Ukraine Calls Russia’s Bluff: If You Want Peace, Authorize Peacekeepers
Foreign Policy’s exclusive interview with Ukraine’s ambassador.
The uncertain prospect of sending U.N. peacekeepers to eastern Ukraine gives Russia a chance to prove just how committed it is to upholding the crumbling cease-fire, Kiev’s ambassador to the United States said Thursday.
The uncertain prospect of sending U.N. peacekeepers to eastern Ukraine gives Russia a chance to prove just how committed it is to upholding the crumbling cease-fire, Kiev’s ambassador to the United States said Thursday.
It’s also an opportunity for Ukraine to try to put Moscow on the spot at the U.N. Security Council — especially if other nations support Kiev’s peacekeeping request.
“If Russia is actually interested in peace as it claims, it has to support this resolution that would authorize the peacekeeping forces in Ukraine,” Ambassador Olexander Motsyk said in an interview with Foreign Policy on Thursday.
He was referring to Kiev’s demand, announced in an emergency meeting late Wednesday, for U.N. troops to monitor a cease-fire along the front line in eastern Ukraine and the Ukraine-Russia border. The move, which would require a U.N. Security Council resolution, is sure to face stiff resistance, if not an outright veto by Moscow, which Motsyk described as hypocritical.
Motsyk cited concerns that the new cease-fire pact, signed Feb. 12, “is also under threat and that Russia, together with the separatists, are and will continue to violate the new agreement.”
So far, other nations have stopped far short of embracing the plan for peacekeepers — even if it has yet to be ruled out.
While the EU said it wanted more details before endorsing a peacekeeping plan, a senior U.S. official would only commit to exploring a “range of options” to secure a “durable solution” to the crisis, in an email with FP.
Potentially, China could be convinced to abstain from a vote on a peacekeeping mission, given its significant agricultural investments in Ukraine and previous reluctance to explicitly endorse Moscow’s intervention in the country. Like Russia, China is also a permanent member of the Security Council, and even a refusal by Beijing to use its veto would be a huge symbolic slap to Moscow.
Russia wasted no time in denouncing the proposed peacekeeping mission. “I think it’s a little bit disturbing, because they just signed the Minsk agreements on Feb. 12,” Vitaly Churkin, Russia’s ambassador to the U.N., told RT. “The Minsk agreements provide for the role of the OSCE. There is nothing about the U.N. or European Union.”
In recent days, the Minsk agreement has come under tremendous strain after intense fighting around the strategic railway town of Debaltseve that saw thousands of Ukrainian troops flee in retreat from Russian-backed separatists.

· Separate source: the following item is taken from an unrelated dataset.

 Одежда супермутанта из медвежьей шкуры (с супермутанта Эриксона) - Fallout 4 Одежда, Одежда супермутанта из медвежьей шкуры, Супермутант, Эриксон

Ukrainian military spokesman Andriy Lysenko claimed on Thursday that Kiev had suffered 14 deaths and 172 injuries in the past 24 hours.

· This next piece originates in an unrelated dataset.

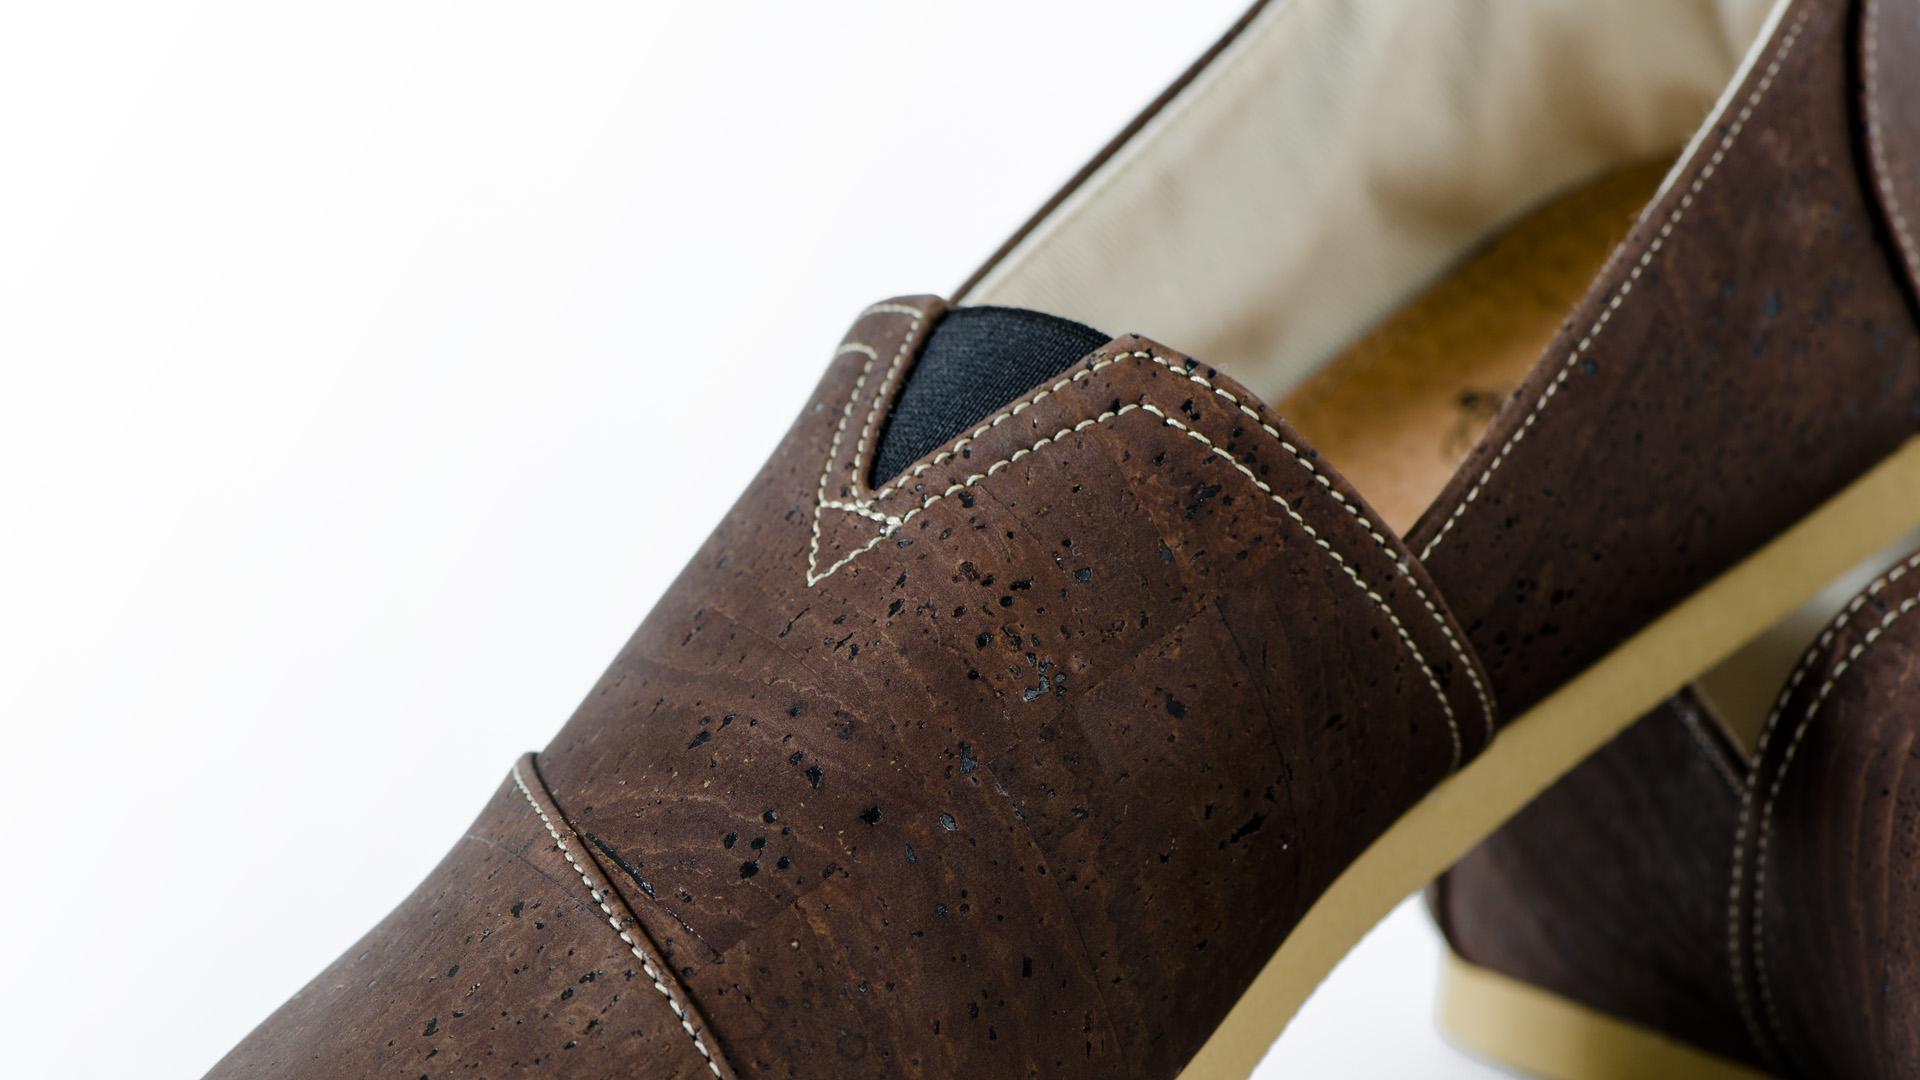 Schuhe, Kork, Korkschuhe, Espadrillas, Brown \ Beige, editorial

Outside Debaltseve, the cease-fire has largely been observed. However, the Ukrainian military has accused separatists of shelling an area outside of the strategic port city of Mariupol on Thursday.
The fresh loss in Debaltseve and the proposal for peacekeepers comes as Ukraine approaches the one-year mark from when then-president Viktor Yanukovych fled the country after protests in Kiev’s Maidan square.
Since then Ukraine has found itself struggling to balance a war in the east, and follow through with the promised political and economic reforms demanded by protesters. In recent weeks, public pressure against Poroshenko’s government has grown as the Ukrainian currency, the hryvina, fell to a record low on Wednesday. A $40 billion International Monetary Fund bailout is set to see gas prices triple, adding strain to an already financially burdened public.
“Completing the reforms will be difficult, but it is vital for Ukraine’s future. The war is not an excuse to not do reforms,” Motsyk told FP.